* [ABOUT THIS EXERCISE]: The reply should hold only the lines below beginning at the one with "SASAKI YUKI -Show time- @SENDAI" and ending at the one with "Bộ mic thu âm", copied exactly, with every picture left out.

* [DATA RECORDS]:
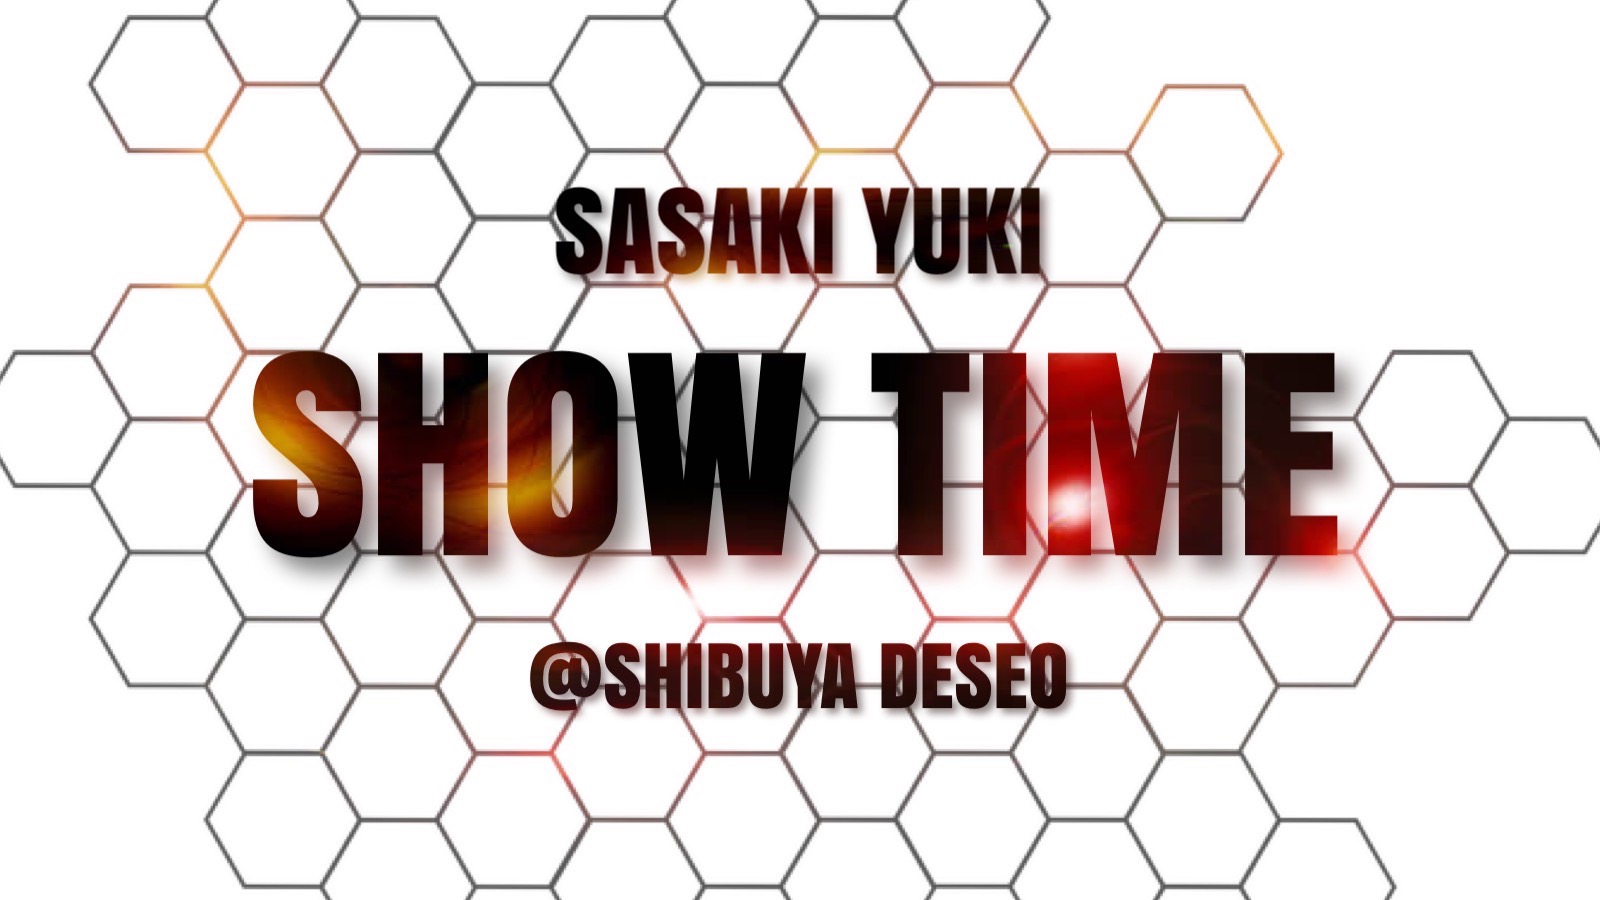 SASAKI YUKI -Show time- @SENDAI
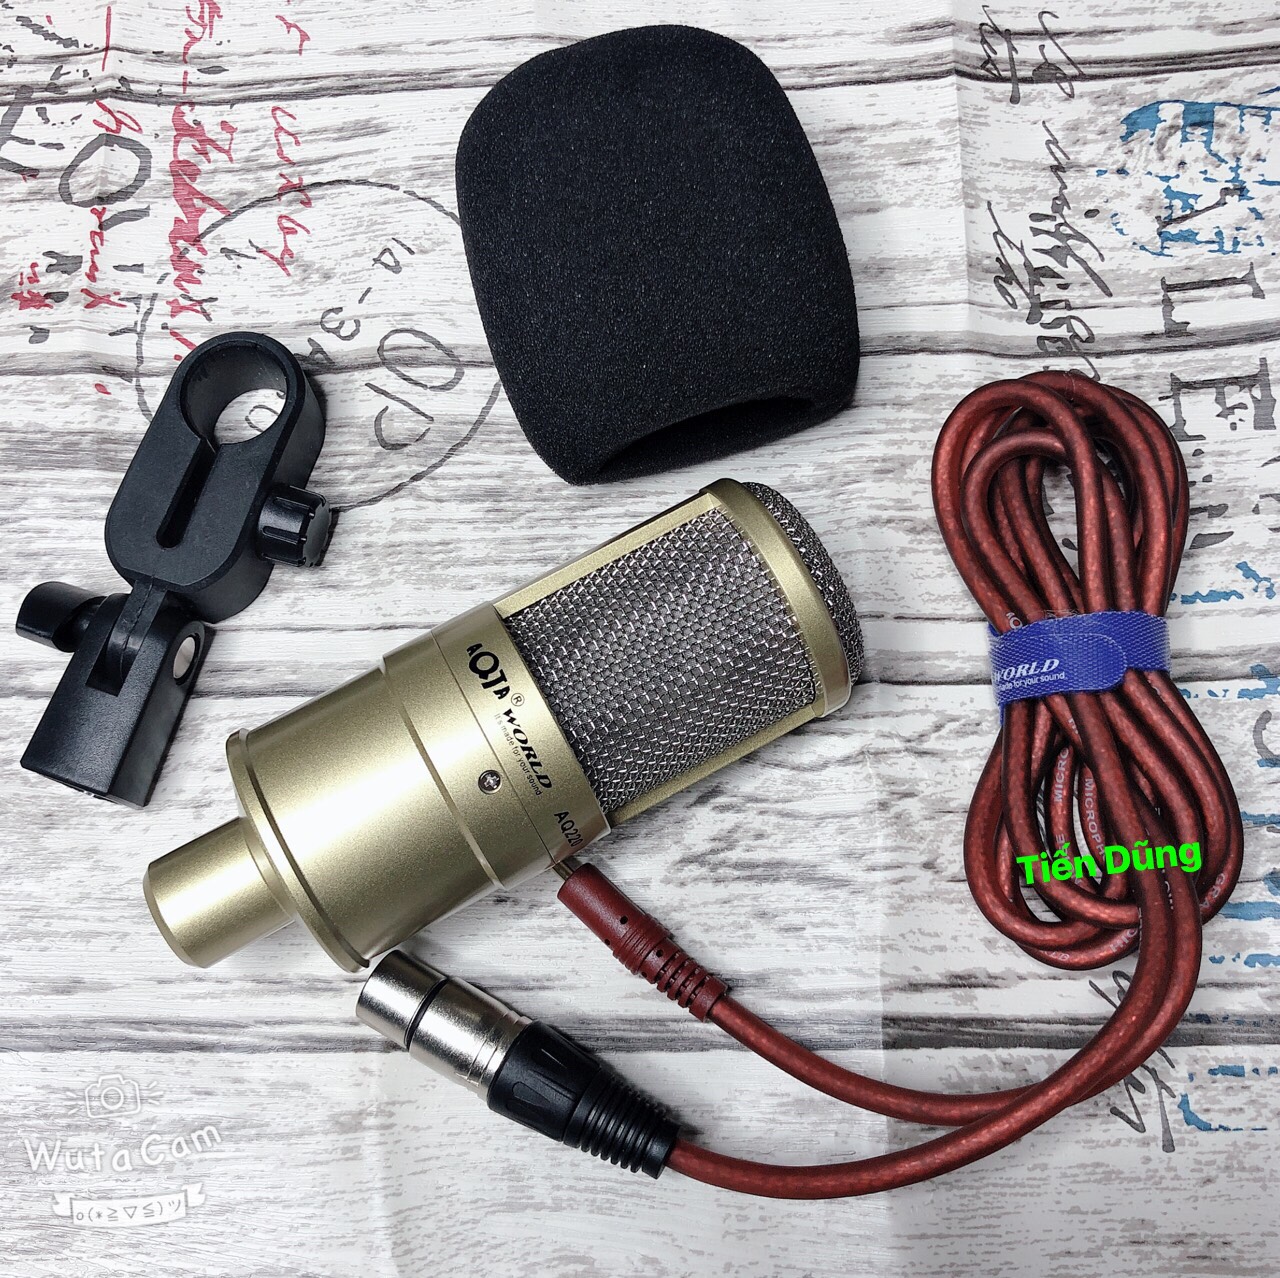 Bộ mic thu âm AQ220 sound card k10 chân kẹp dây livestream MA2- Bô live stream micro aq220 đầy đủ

* * *

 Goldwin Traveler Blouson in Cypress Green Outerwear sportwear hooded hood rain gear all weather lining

* [PROBLEM SOLUTION]:
 SASAKI YUKI -Show time- @SENDAI
 Bộ mic thu âm AQ220 sound card k10 chân kẹp dây livestream MA2- Bô live stream micro aq220 đầy đủ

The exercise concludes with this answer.